MAX_SEQ_LENGTH = 128
label_list = [6,1,2,4,3,5,0]
# Convert our test features to InputFeatures that BERT understands.
test_features = bert.run_classifier.convert_examples_to_features(test_InputExamples, label_list, MAX_SEQ_LENGTH, tokenizer)

Error:

INFO:tensorflow:Writing example 0 of 1
INFO:tensorflow:Writing example 0 of 1
UnparsedFlagAccessError: Trying to access flag --preserve_unused_tokens before flags were parsed.
---------------------------------------------------------------------------
UnparsedFlagAccessError                   Traceback (most recent call last)
<command-35675914> in <module>
     16 label_list = [6,1,2,4,3,5,0]
     17 # Convert our test features to InputFeatures that BERT understands.
---> 18 test_features = bert.run_classifier.convert_examples_to_features(test_InputExamples, label_list, MAX_SEQ_LENGTH, tokenizer)
     19 
     20 input_ids_list = [x.input_ids for x in test_features]

/databricks/python/lib/python3.7/site-packages/bert/run_classifier.py in convert_examples_to_features(examples, label_list, max_seq_length, tokenizer)
    778 
    779     feature = convert_single_example(ex_index, example, label_list,
--> 780                                      max_seq_length, tokenizer)
    781 
    782     features.append(feature)

/databricks/python/lib/python3.7/site-packages/bert/run_classifier.py in convert_single_example(ex_index, example, label_list, max_seq_length, tokenizer)
    394     label_map[label] = i
    395 
--> 396   tokens_a = tokenizer.tokenize(example.text_a)
    397   tokens_b = None

Source

rv-ltran

Most helpful comment

Hey, this is an error caused due to a recent version update in bert.
Change pip install bert-tensorflow to pip install bert-tensorflow==1.0.1
This will solve the error by installing the previous version.
You can use the previous version till the developers fix this issue.

AMZzee on 8 Aug 2020

👍14 😄1

All 10 comments

I got same error, and it just happens today.

liuyibox on 7 Aug 2020

AMZzee on 8 Aug 2020

👍14 😄1

Do you know when will it be fixed by the developer?

rv-ltran on 10 Aug 2020

I am getting same error, any progress on this?

deeptimittal97 on 14 Aug 2020

Hey, this is an error caused due to a recent version update in bert.
Change pip install bert-tensorflow to pip install bert-tensorflow==1.0.1
This will solve the error by installing the previous version.
You can use the previous version till the developers fix this issue.

Degraded the bert-tensorflow version, resolved!
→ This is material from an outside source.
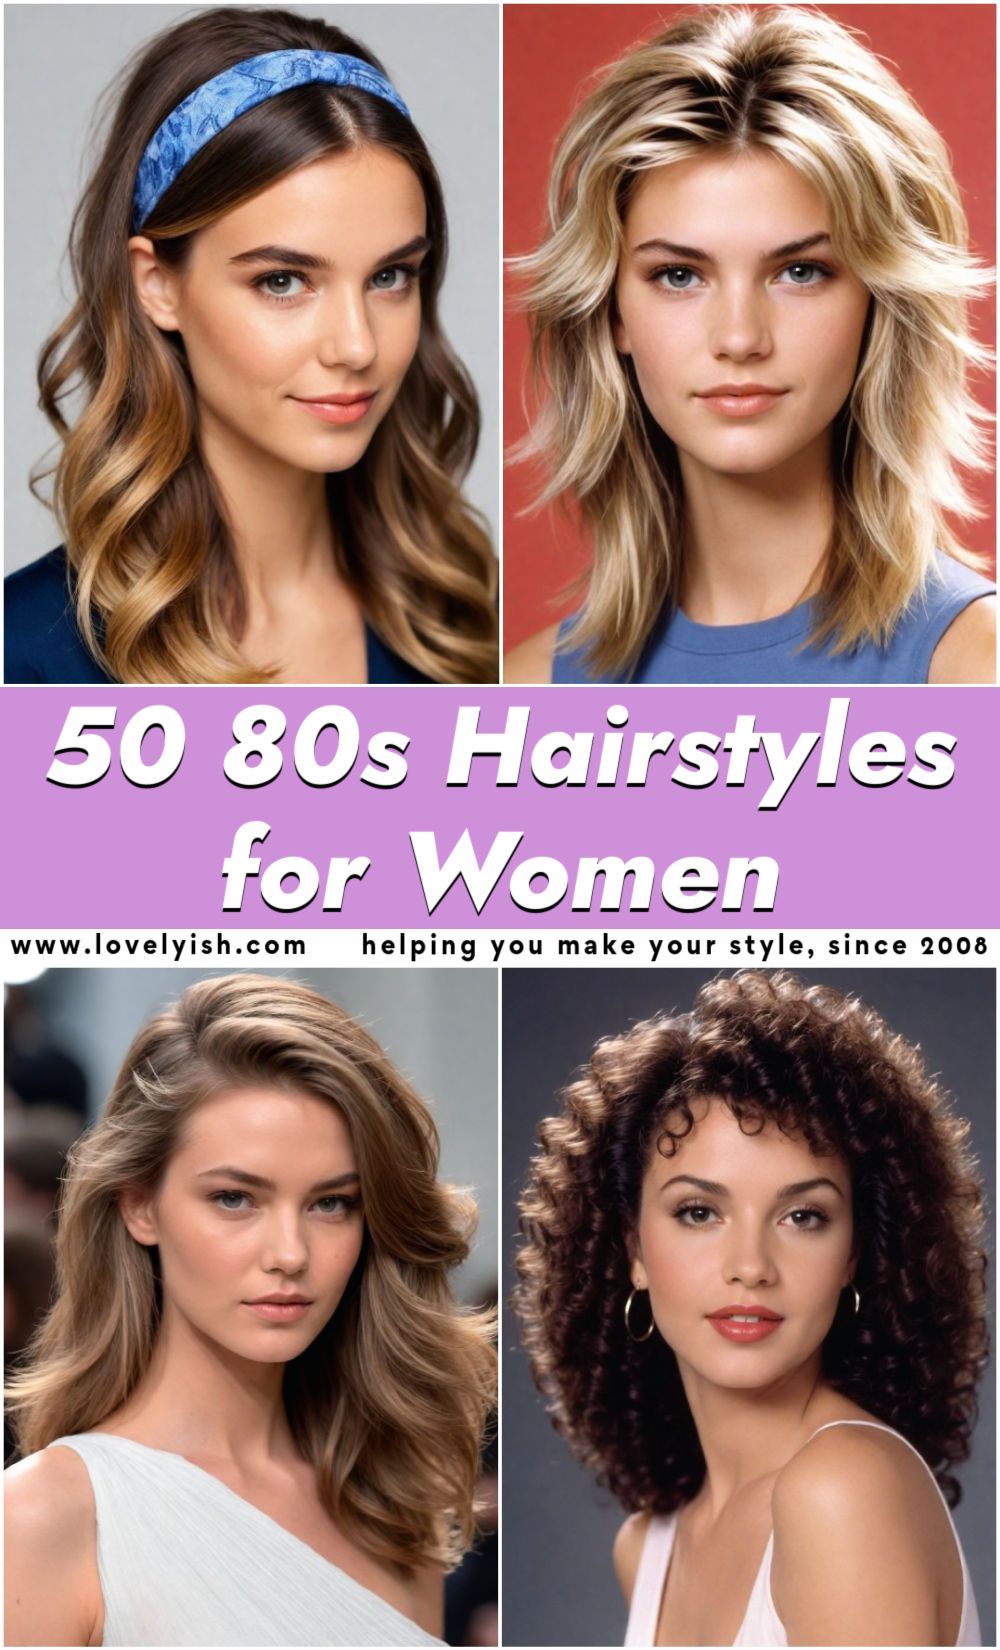 80s hairstyles

GauravSahani1417 on 18 Aug 2020

I got the same error today and downgrading bert-tf to 1.0.1 didn't fix it any other ideas?
tf version 1.15.2
python version 3.6.10
anaconda environment in ubuntu OS 18.04

jasser94 on 21 Aug 2020

For me, downgrading bert-tensorflow from 1.0.4 to 1.0.1 solved the issue.
I'm retraining a model from colab

dpinol on 23 Sep 2020

Any news here? Downgrading can't be the final solution 🤔

unre4l on 29 Sep 2020

For me, downgrading bert-tensorflow to 1.0.1 and downgrading tensorflow to 2.0.0 worked but w/ one work around.
context: after downgrading the libraries and running my script, error was thrown: with tf.gfile.GFile(vocab_file, "r") as reader: AttributeError: module 'tensorflow' has no attribute 'gfile'
So to fix this, I edited the code in site-packages/bert/tokenization.py where gfile was being called and replaced it with with tf.io.gfile.Gfile(vocab_file, "r") as reader
it's not the cleanest, but it worked for me.

ekeleshian on 5 Oct 2020

Hey, this is an error caused due to a recent version update in bert.
Change pip install bert-tensorflow to pip install bert-tensorflow==1.0.1
This will solve the error by installing the previous version.
You can use the previous version till the developers fix this issue.

Thanks, it helps a lot!